Bhanupratappur is a town and a  Notified Area Council in Kanker district in the Indian state of Chhattisgarh. It is the administrative headquarters of its eponymous development block,  tehsil, and constituency of the Chhattisgarh Legislative Assembly. The town derives its name from King Bhanupratap Dev, the last ruler of erstwhile Kanker princely state.

History 
A few years after the death of the last king of Kanker, Bhanupratap Dev (1969), a village was established in his memory, named Bhanupratappur.

Demographics
According to the 2011 Census, Bhanupratappur has a population of 8,856. Males constitute 49.7% (4401) of the population whereas females constitute 50.3% (4455). The sex ratio is 1012 females per 1000 males, higher than the national average of 940 per 1000. Children below 6 years of age constitute 10.87% of the population with child sex ratio at 941 males per 1000 females.

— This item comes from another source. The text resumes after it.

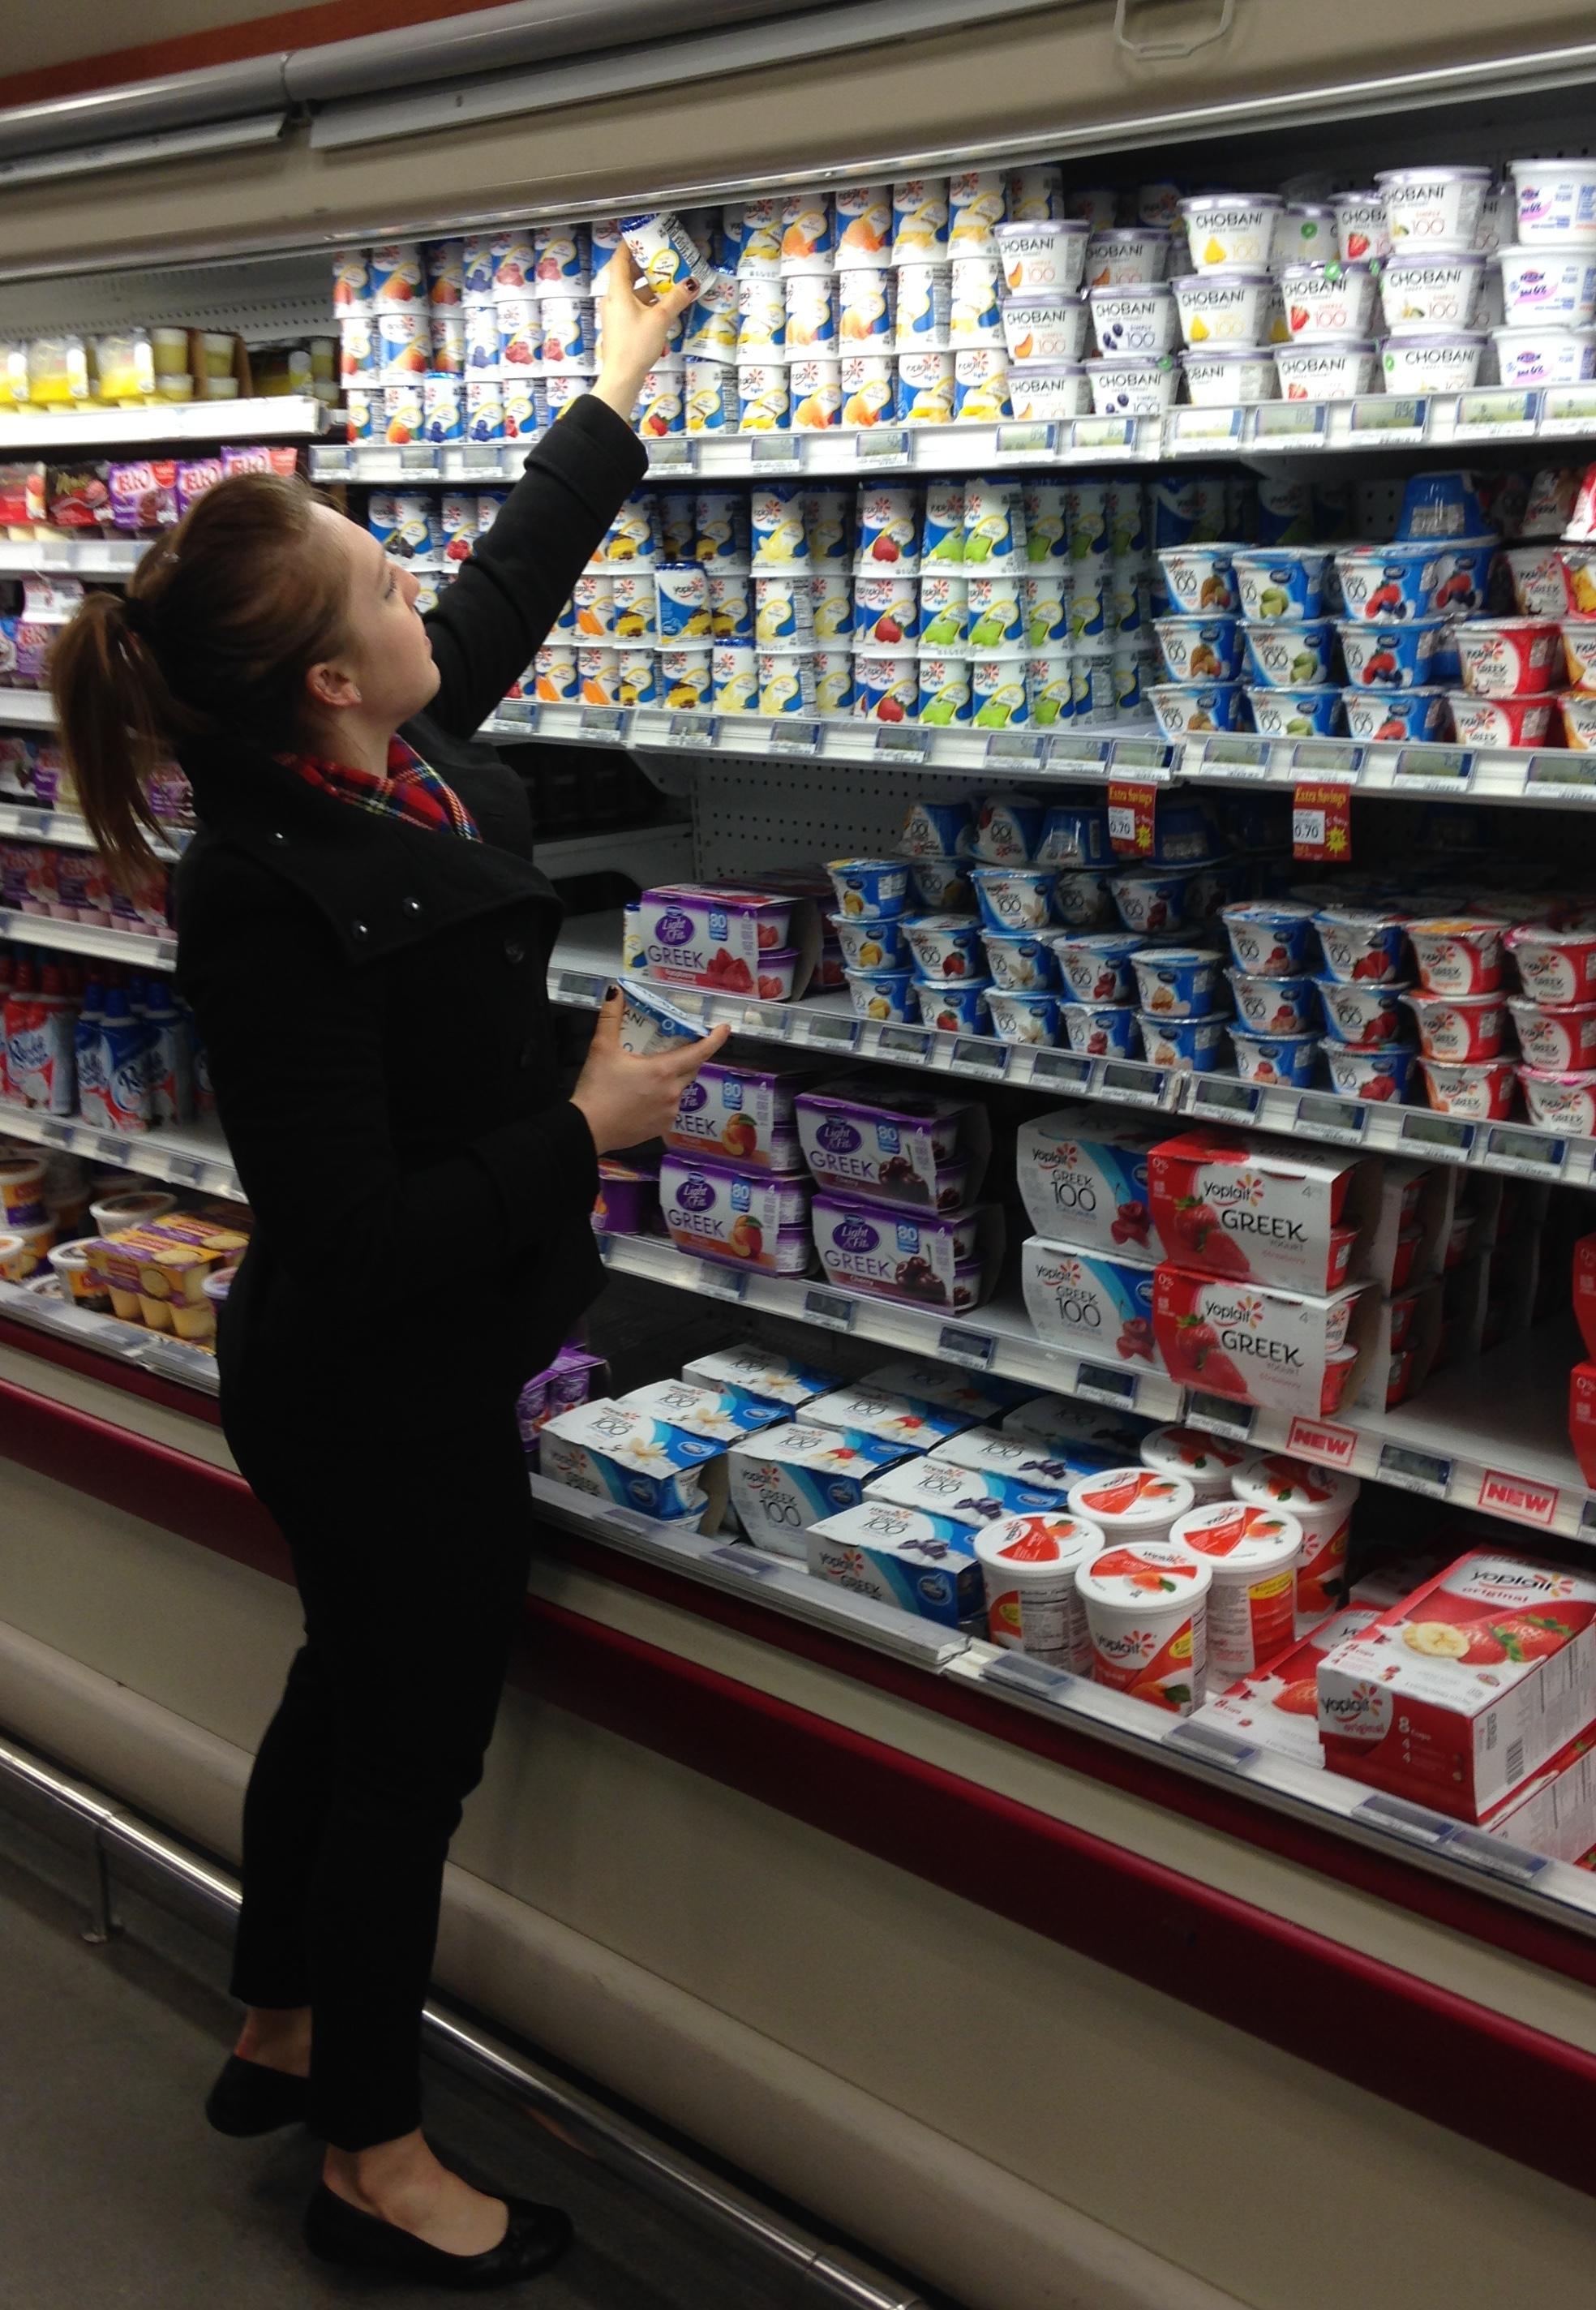 ¿El etiquetado de los alimentos afecta nuestras decisiones?

The effective literacy rate is 90.47%; male literacy rate being 95.48% and female literacy rate being 84.97%, significantly higher than the national average of 73%.

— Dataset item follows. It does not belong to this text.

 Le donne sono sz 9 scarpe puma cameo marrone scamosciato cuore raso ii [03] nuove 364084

Hindus comprise the majority with 87.84% of the population. Muslims comprise 4.3%, Sikhs 2.13%, Christians 1.42%, Jains 1.02%, and Buddhists 0.79%. Of the population, 2.50% did not identify themselves with any religion, whereas 0.01% did not want to reveal their religion.

Transportation

Roadways
Bhanupratappur is situated at the intersection of two major Chhattisgarh State Highways SH 5 (Shahdol-Rajnandgaon-Bhadrachalam) and SH 6 (Khariyar-Kanker-Gadchiroli), which cross at Baba Satram Shah Chowk in the heart of the town. It also links to SH 25 (Bhanupratappur-Durgukondal-Kapsi-Pakhanjur) via SH 5 at Keoti,  south of Bhanupratappur. Being an important transit stop in the region, it is well connected to all major towns and cities in the state by regular bus service.

Railways
Bhanupratappur was connected to the Indian Railway network on 14 April 2018 as part of the Dalli Rajhara–Jagdalpur line of South East Central Railway zone. The DEMU train to Raipur was flagged off by the Prime Minister Narendra Modi. The railway line has established direct rail connectivity between Bhanupratappur and the state capital, Raipur (150 km away), as well as the industrial town of Bhilai (120 km away).

Air transport
The nearest airport is Swami Vivekananda Airport in Raipur, around 150 km away by road.